Discussion Questions
We'll add publisher questions if and when they're available; in the meantime, use our LitLovers talking points to start a discussion for Fever Dream...then take off on your own:

1. What was your experience reading Fever Dream? What has happened—or is happening—in this book? 

2. At one point, Amanda says to David, "There’s only darkness, and you’re talking into my ear. I don’t even know if this is really happening," Is the conversation really happening?

3. Why is David pushing Amanda to tell him the story?

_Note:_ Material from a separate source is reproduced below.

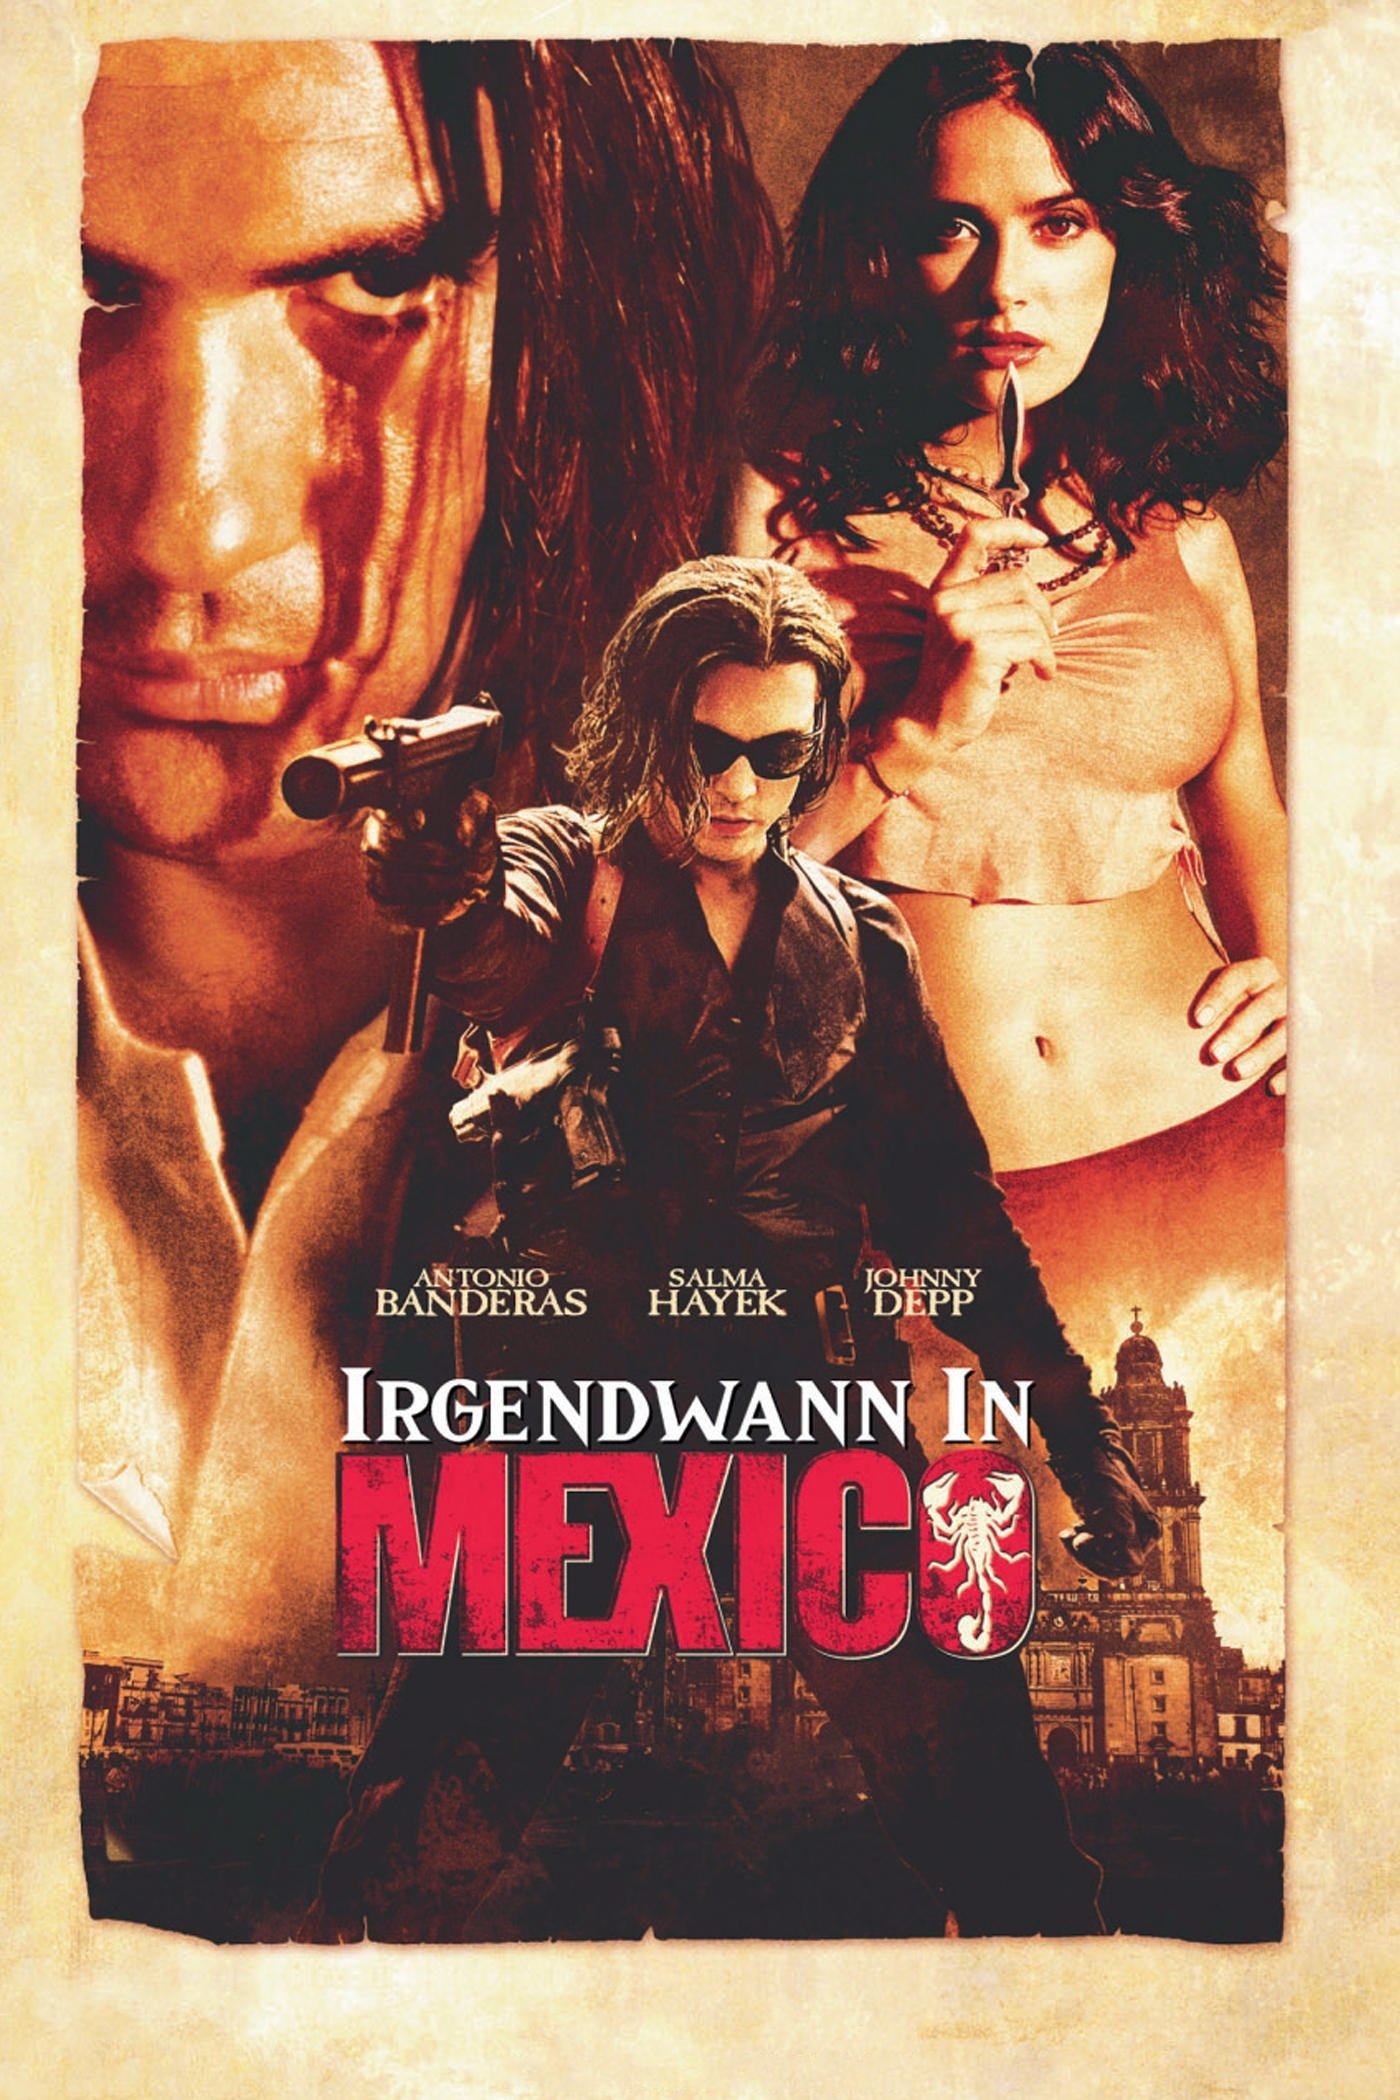 Plakat von "Irgendwann in Mexico"

How reliable is she as a storyteller / narrator? Is she at all grounded in reality?

4. Why does David continue to mention the worms? What are the worms? What do they signify?

5. What do we learn about the state of Argentine agriculture and its impact on the surrounding citizens?

6. The novel's Spanish (and original) title is "Rescue Distance," a phrase that recurs in the novel. What does it mean? What is a safe rescue distance?

7. Can you unravel the structure of this novel—a story nestled within a story, wrapped in yet another story?

8. It has been suggested that the novel's unstable form, as well as its mood of dread and uncertainty, is a perfect reflection of the Argentinians' insecurities, particularly those who live in the countryside. Discuss the way the novel marries form to subject.

(Questions by LitLovers. Please feel free to use them, online or off, with attribution. Thanks.)